De junho a junho

Marina Silva

Em 9 de junho de 2008, há 105 artigos, estreei esta coluna atendendo a honroso convite da Folha. Durante dois anos, compartilhei com os leitores minhas opiniões, preocupações e dúvidas, dialogando sobre os acontecimentos do Brasil e do mundo. Agora me despeço, a três dias de minha indicação oficial como candidata à Presidência da República pelo Partido Verde, em obediência à lei.

Agradeço à Folha por me permitir a oportunidade semanal de expandir minhas atividades como senadora, e de me dedicar a temas e análises que, segundo meu entendimento, poderiam colaborar para a troca de ideias e conhecimento, a razão de ser de uma sociedade democrática. E é também o cerne do espaço público, mesmo sob a pressão permanente dos mais diversos interesses para torná-lo um território de privilégios, manipulações e excludências. Por isso é importante valorizar a postura da Folha e de outros órgãos de comunicação de dar vez à diversidade.

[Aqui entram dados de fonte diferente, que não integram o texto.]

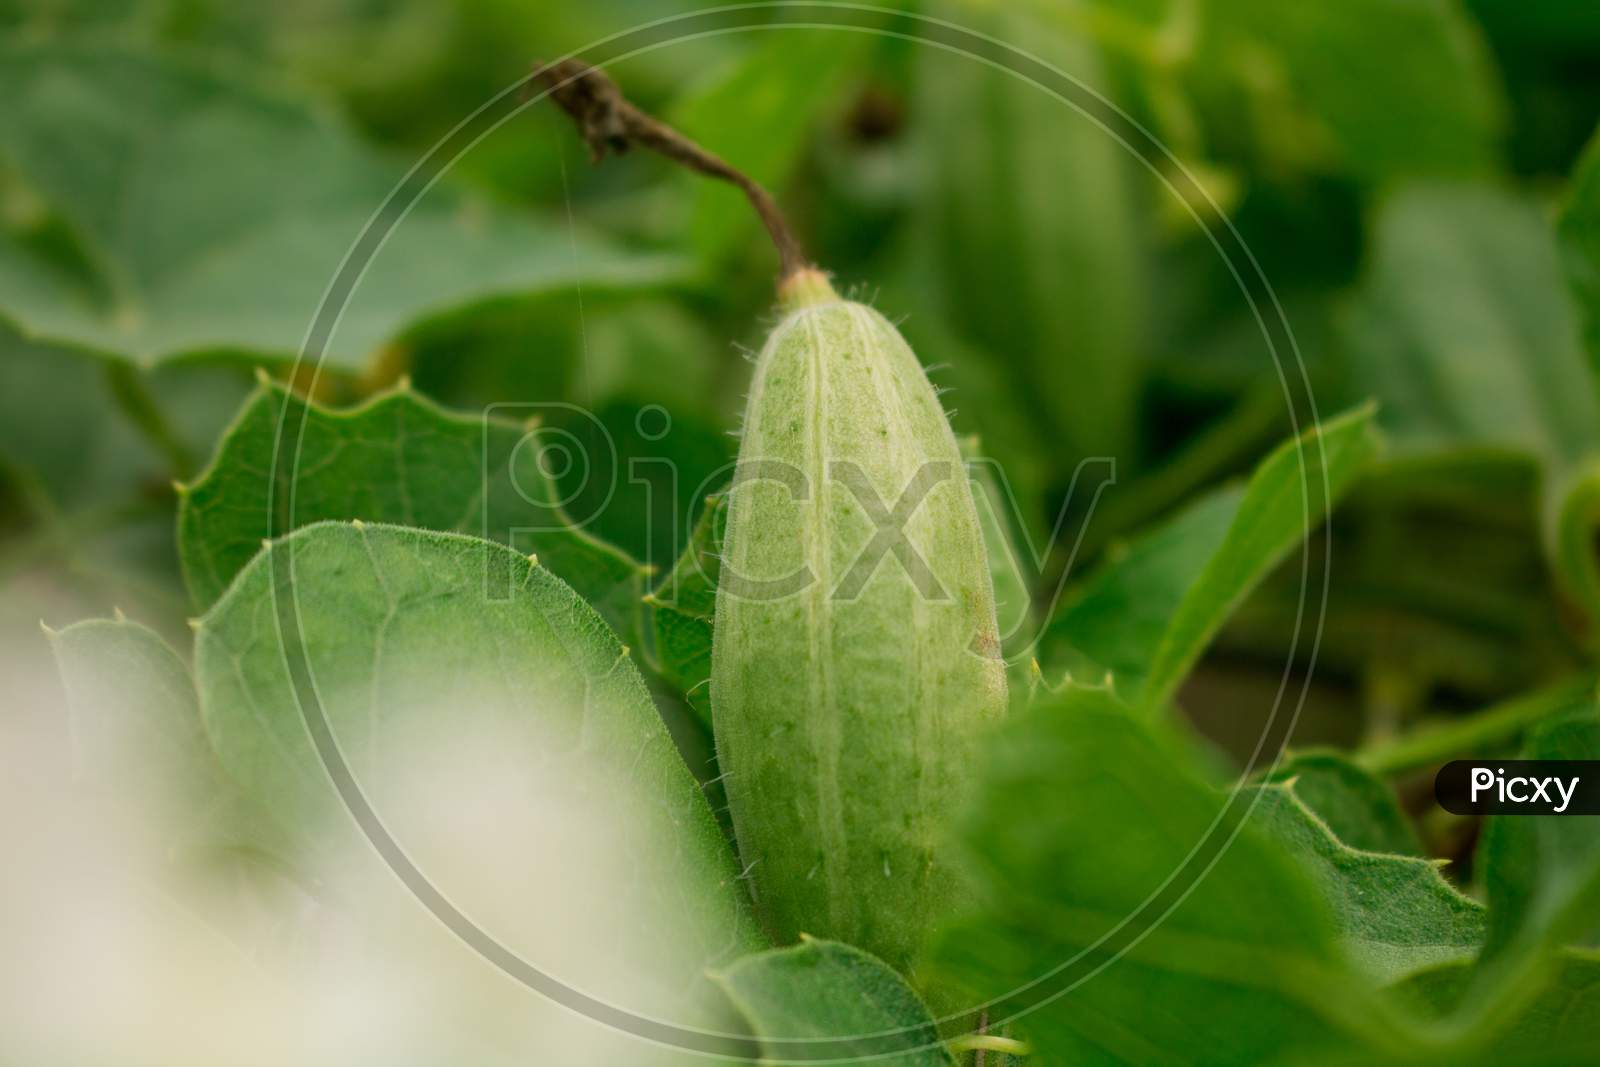 Trichosanthes Dioica, Also Known As Pointed Gourd, Is A Vine Plant In The Family Cucurbitaceae, Similar To Cucumber And Squash, Though Unlike Those It Is Perennial.

Agradeço também aos leitores que enriqueceram minha experiência pessoal e pública, com suas mensagens de crítica, carinho, apoio e sugestões, ou mesmo puxando conversa sobre a vida, o país, o futuro. Lamento por nem sempre ter podido responder detidamente a cada um e, de certa forma, aproveito também para me desculpar e pedir que entendam o curto espaço de tempo para dar a merecida atenção. Não foi fácil cumprir meu compromisso. Em muitas ocasiões, principalmente devido à agenda superlotada, fiquei quase na linha do pênalti, mas tenho a satisfação de não ter falhado uma só vez.

No primeiro artigo, dizia que boa parte do Estado brasileiro ainda via na política ambiental um mal necessário. E que setores econômicos atrasados, “saudosistas do tempo da terra sem lei”, pressionavam para desconstituir a legislação ambiental. Hoje, dois anos depois, as ameaças continuam, cada vez mais graves, num movimento coordenado para acabar com o Código Florestal.

Dizia também que a sociedade exerce um papel político extraordinário, de se mostrar quando é necessário para fazer prevalecerem os valores coletivos sobre os interesses de ocasião. Ela acaba de mostrar essa força com o projeto Ficha Limpa, que só se transformou em regra, ainda que imperfeita, por meio da ação e da pressão da sociedade.

Despeço-me desta coluna, assim, reiterando minha convicção de que somente a militância civilizatória da sociedade poderá nos levar a outro patamar de desenvolvimento, com justiça, respeito aos limites ambientais e aos direitos humanos. E de que o debate de ideias aberto, livre, diverso e democrático é o caminho que nos fará chegar lá.